LightRAG is a lightweight Retrieval-Augmented Generation (RAG) framework specifically designed for analyzing complex documents in fields such as law, healthcare, and finance. It serves as a highly efficient alternative to Microsoft GraphRAG. Utilizing a dual-level architecture to manage both knowledge graphs (KG) and vector embeddings simultaneously, LightRAG perfectly bridges the technical gap between traditional vector-based RAG and graph-based RAG. Furthermore, it effectively addresses the major bottlenecks of GraphRAG when handling large-scale data, such as heavy computational overhead, slow response times, and exorbitant incremental update costs. Designed with high scalability at its core, the system supports massive datasets while maintaining exceptional information extraction accuracy—even when powered by 30B (30 billion parameter) open-source Large Language Models (LLMs).
- Deep Contextual Understanding: Through graph-structured indexing, LightRAG captures complex semantic dependencies between entities, overcoming the fragmented context limitations typical of traditional chunk-based retrieval methods. Its generation quality and context awareness are particularly outstanding in vertical domains (e.g., legal, financial) that require global comprehension or logical reasoning.
- Exceptional Comprehensiveness & Diversity: LightRAG’s dual-level retrieval mechanism allows it to integrate detailed facts and abstract concepts concurrently. This enables the system to achieve remarkable performance in query result comprehensiveness and diversity, making it highly effective at handling complex, cross-document queries.
- Extreme Retrieval Efficiency & Low Cost: LightRAG does not rely on inefficient community reports or multi-hop reasoning for complex queries. This drastically reduces the number of LLM calls required during both the indexing and querying phases, significantly lowering response latency and LLM computational costs.
- Rapid Adaptation to Dynamic Data: LightRAG supports seamless, incremental knowledge base updates. New data only needs to go through a standard graph indexing pipeline to generate a local graph, which is then directly integrated into the existing graph via set merging. This process eliminates the need to disrupt the original structure or rebuild the global index, ensuring real-time relevance in dynamic data environments.
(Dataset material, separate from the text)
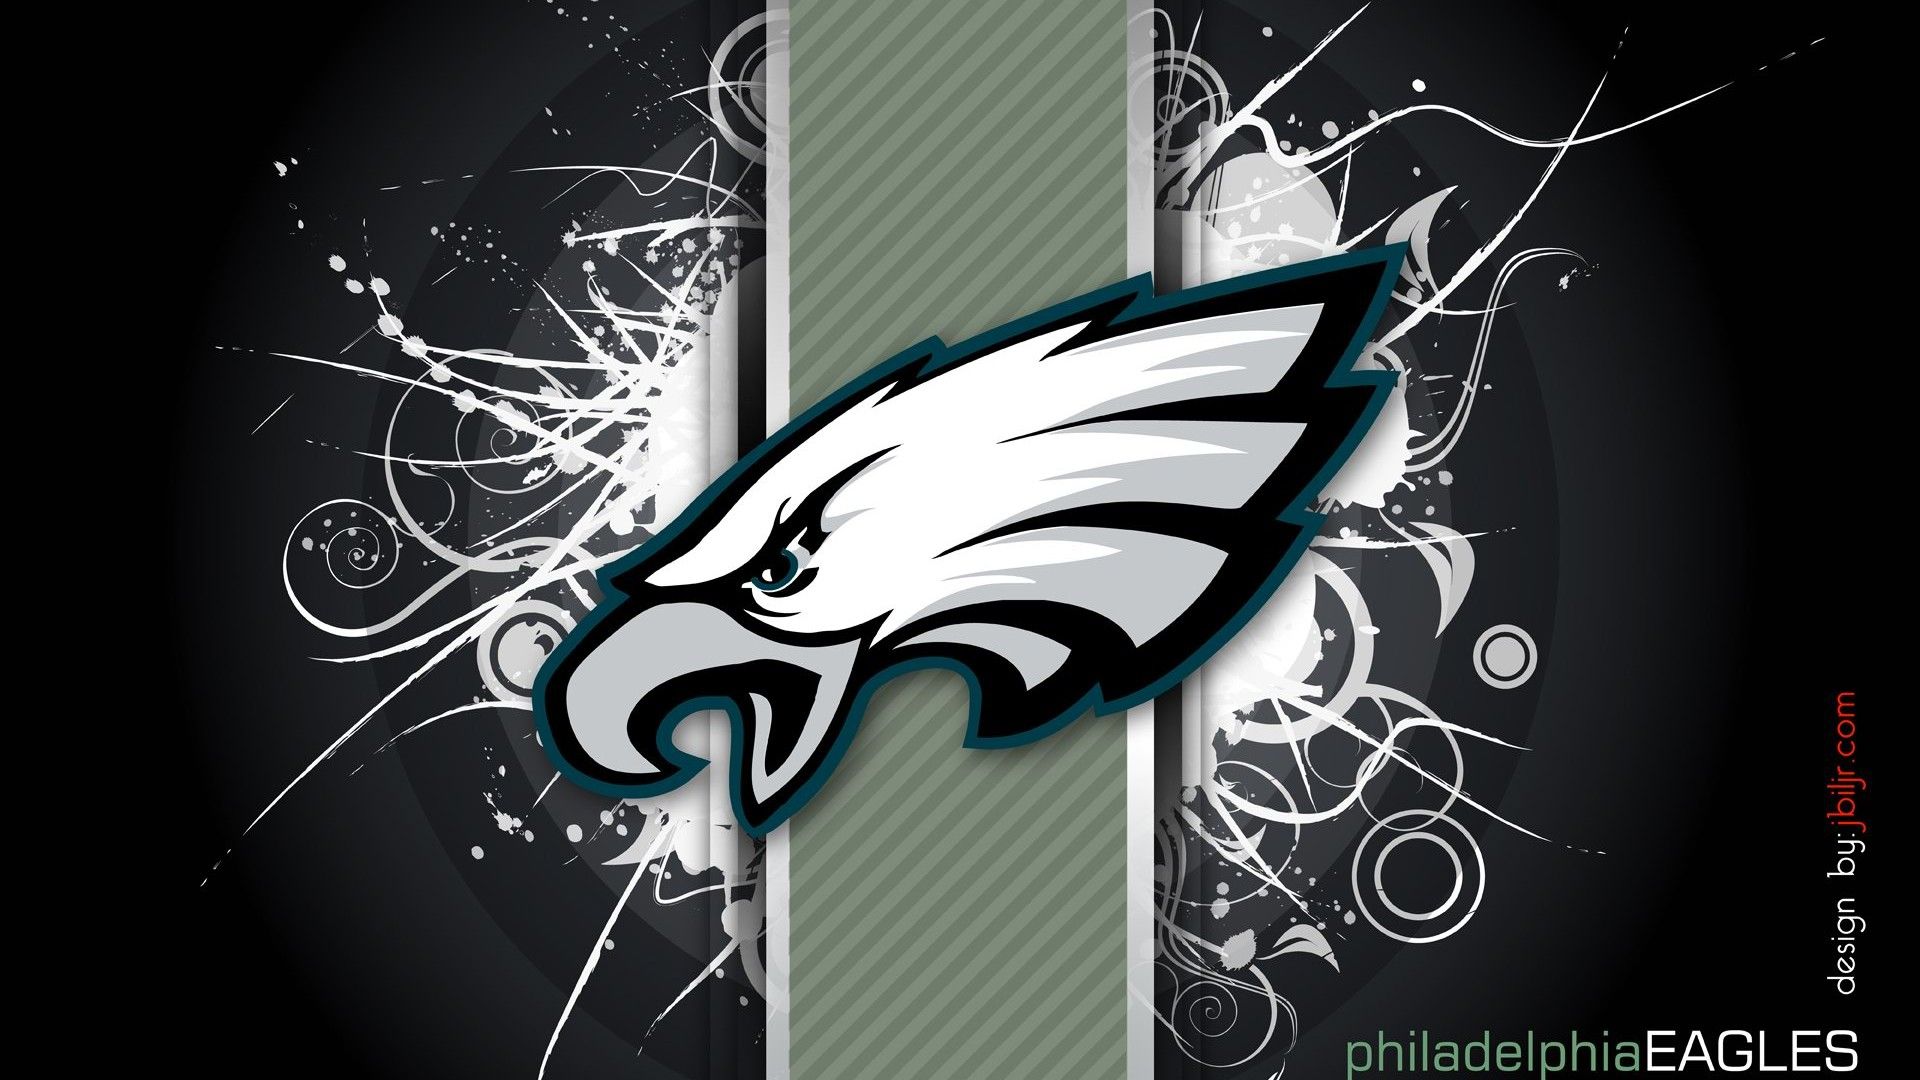 Free download Philadelphia Eagles Wallpaper Full HD Picture

When deleting documents, the system leverages LLM caching from the construction phase to rapidly rebuild affected entity relationships, vastly improving knowledge base update efficiency.
Starting from version v1.5, LightRAG has officially introduced analysis and retrieval capabilities for multimodal documents:
- Multi-Engine Document Parsing: Its document processing pipeline supports parsing engines such as MinerU, Docling, and Native, enabling the highly efficient extraction of text, tables, formulas, and images from documents.
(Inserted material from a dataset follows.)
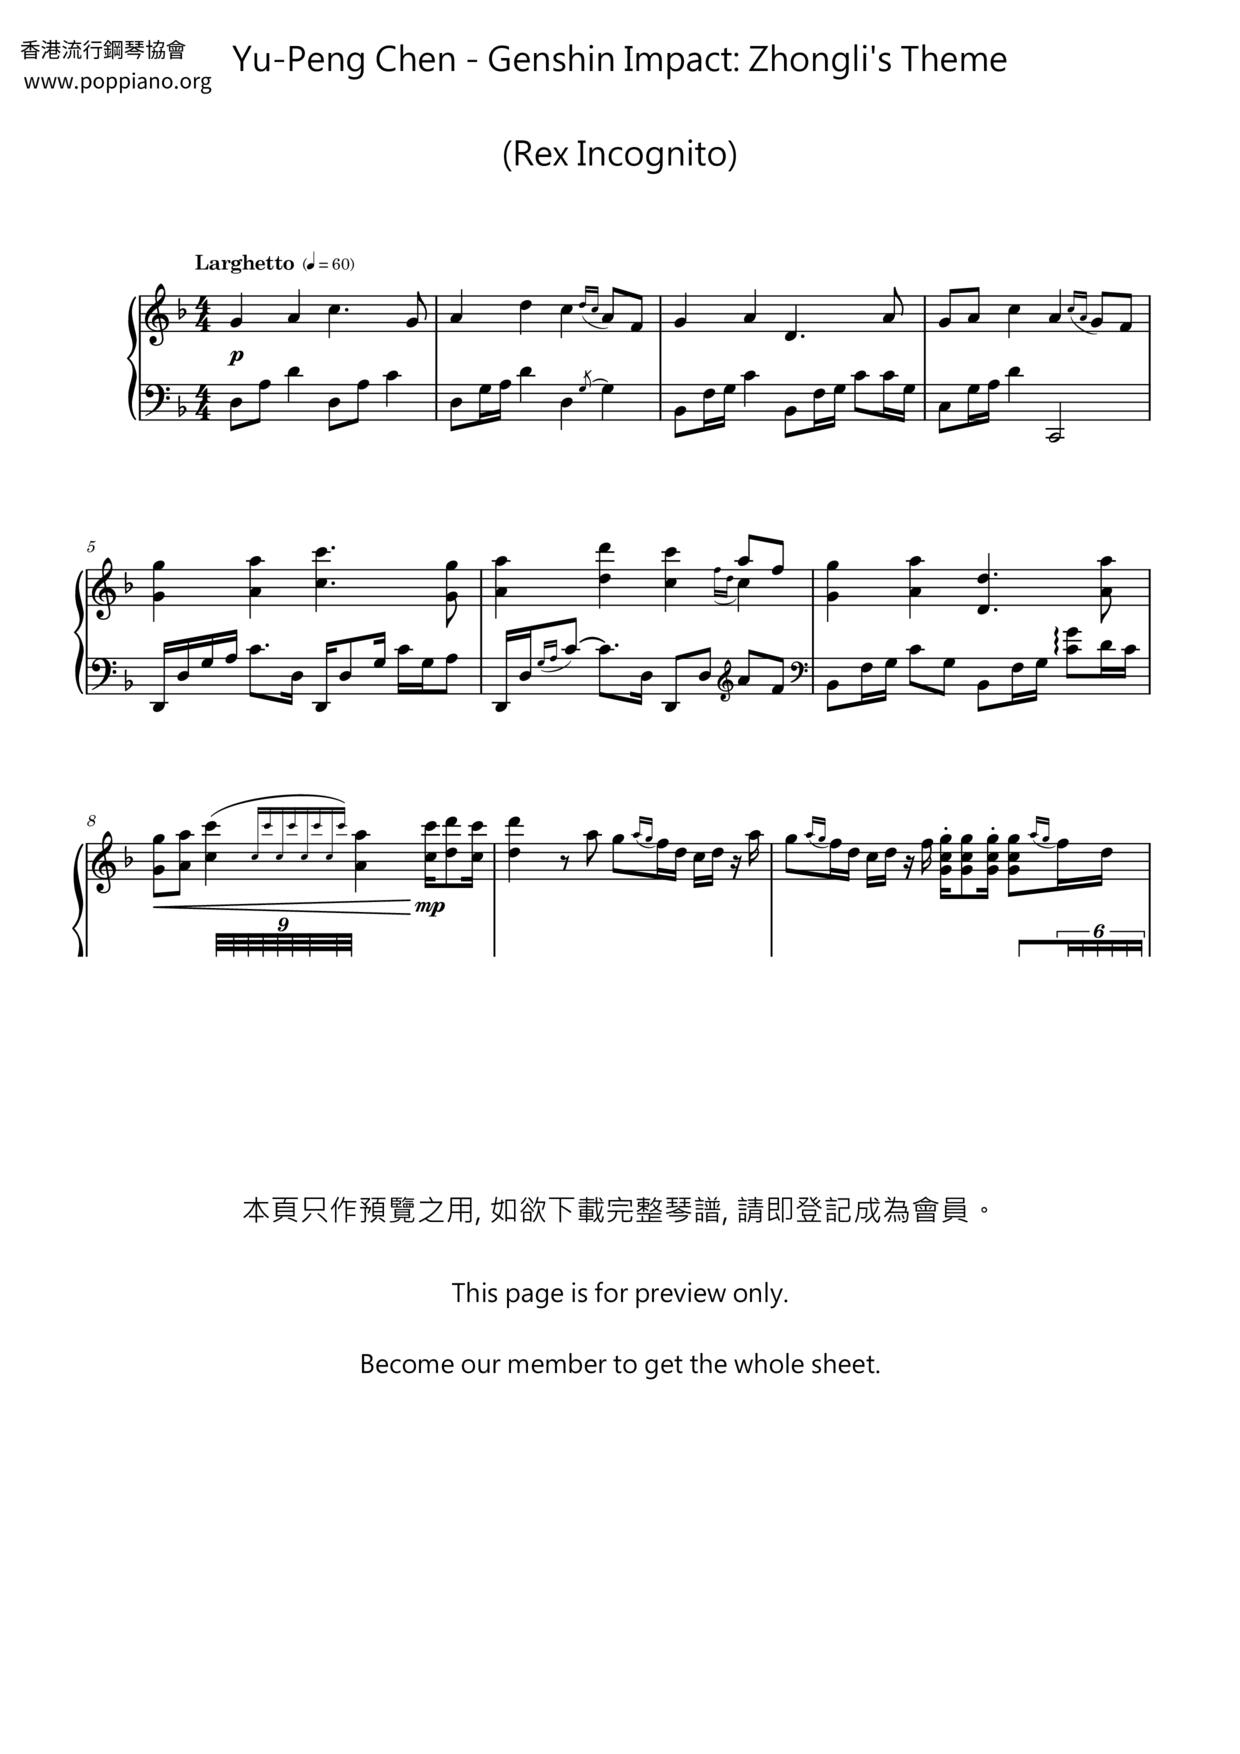 Genshin Impact: Zhongli's Theme (Rex Incognito)ピアノ譜

- Cross-Modal Entity & Relation Mapping: It achieves cross-modal entity extraction and relationship mapping within a unified framework, resulting in seamless indexing and querying.
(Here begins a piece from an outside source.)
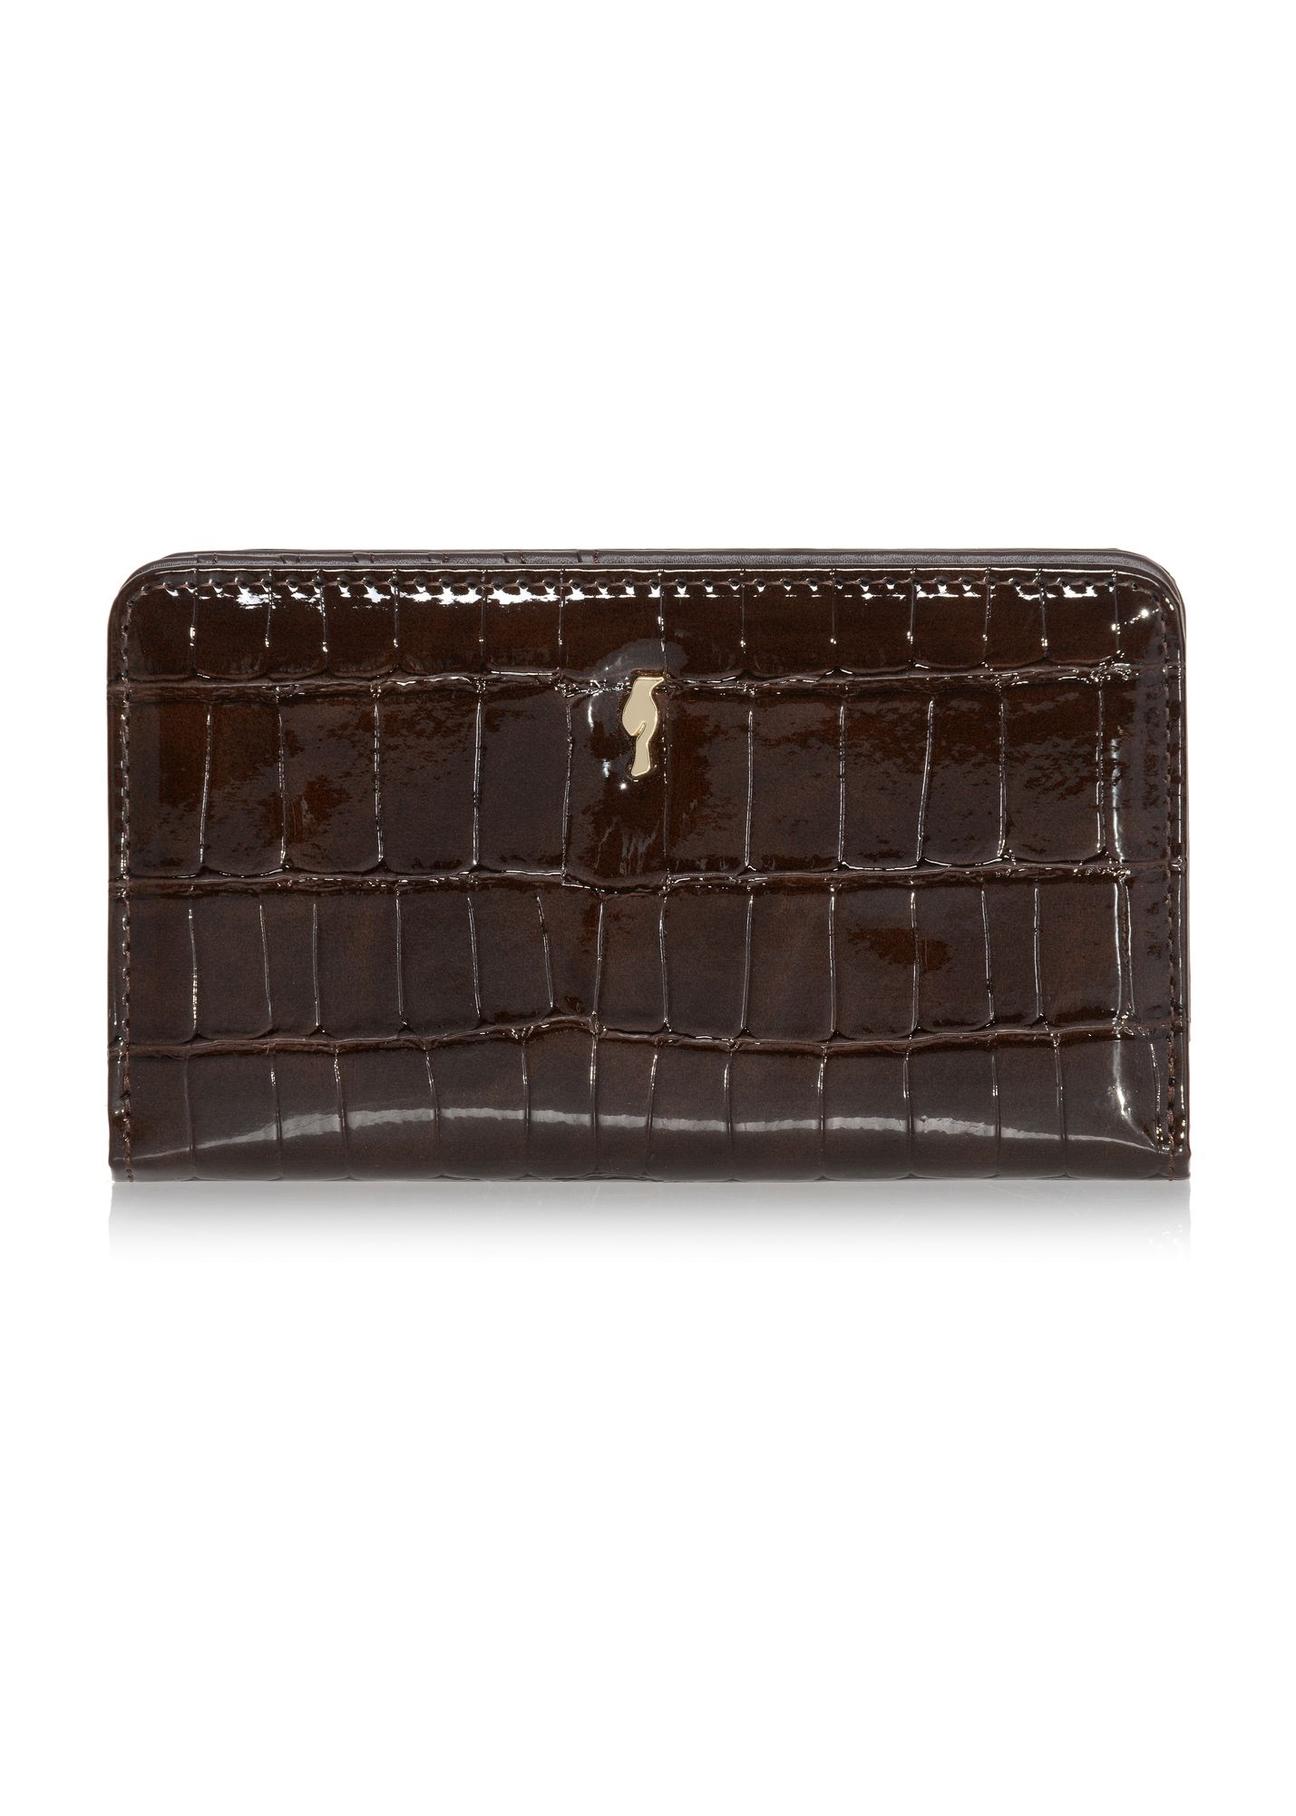 Brązowy portfel damski croco POREC-0353-90(Z23)

- Enhanced Application Scenarios: The brand-new multimodal processing pipeline significantly improves RAG quality for documents rich in multimodal content, such as operation manuals and academic papers.
The LightRAG server offers not only a web-based UI for exploring LightRAG functionalities but also a comprehensive REST API. For more information about the LightRAG server, please refer to LightRAG Server.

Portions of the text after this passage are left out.